Days later, Nuria inherits her husband's and brother-in-law's family business, as planned. In revenge, Pam kills Nuria, by making her fall from the stairs.

== Cast ==

- Iván Arana
- Fernanda Castillo
- Juan Ríos

== Production ==
=== Writing ===
The film was written and directed by Agustín Tapia who was inspired by Agatha Christie stories, Alfred Hitchcock films, and The Twilight Zone episodes. Tapia wrote the film as a mystery drama with influences of fantasy and psychological manipulation in order to make the audience believe any character could be the villain, and wonder whether the doll is alive.

=== Filming ===
The principal photography took place in Valle de Bravo and Ajusco. Filming concluded in early 2020 as the original premiere date was April 2020, but the premiere was delayed due to the COVID-19 pandemic.

== Reception ==
=== Box office ===
The film premiered in Mexico on August 20, 2020, and it was the third most successful film during its opening weekend. It was one of the first films shown during theater reopenings after the first wave of the pandemic in Mexico. It grossed a total of 438,728 pesos for its domestic box office and worldwide.

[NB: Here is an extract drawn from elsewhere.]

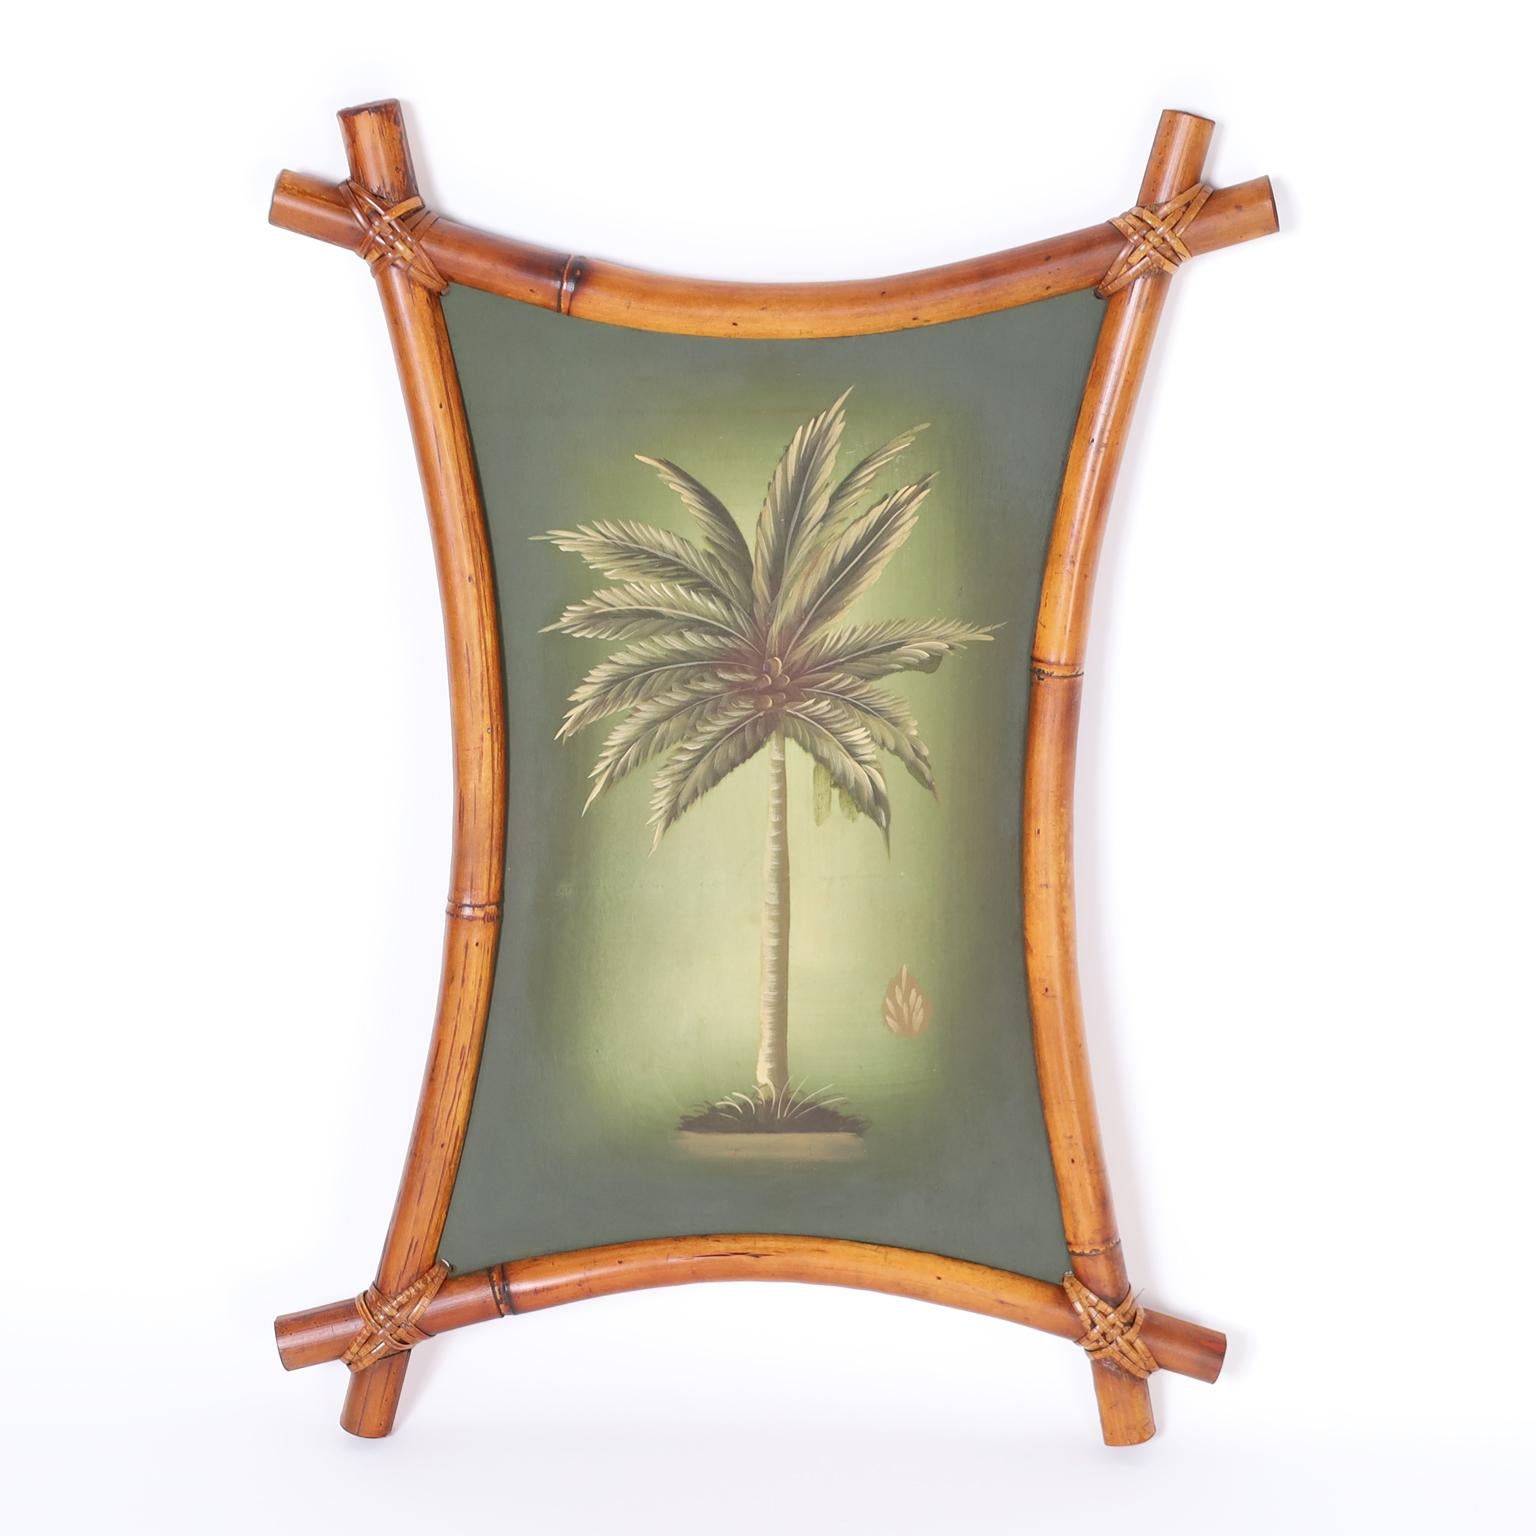 Pair of palm tree oil paintings on board presented in bent bamboo frames with reed wrapped corners.

The film was eventually distributed by Netflix in December 2020 and became one of the most watched films that month.

=== Critics ===
The film was met with mostly mixed to negative reviews.

Jose Roberto Landaverde from CinePremiere gave it 3.5 stars out of 5, calling the film a waste of creative obsessions that nonetheless kept the best of every genre it explores, writing: "From terror to thriller going through true crime; this is a fresh take".

Conversely, Javier Quintanar Polanco from Tomatazos graded it as "disappointing", specifically for its plot and narrative commenting: "It persists in proposing an ambiguous moral judgment about the consequences of our negative actions that also fails to bear fruit, and is reduced to a hollow and pedestrian discourse."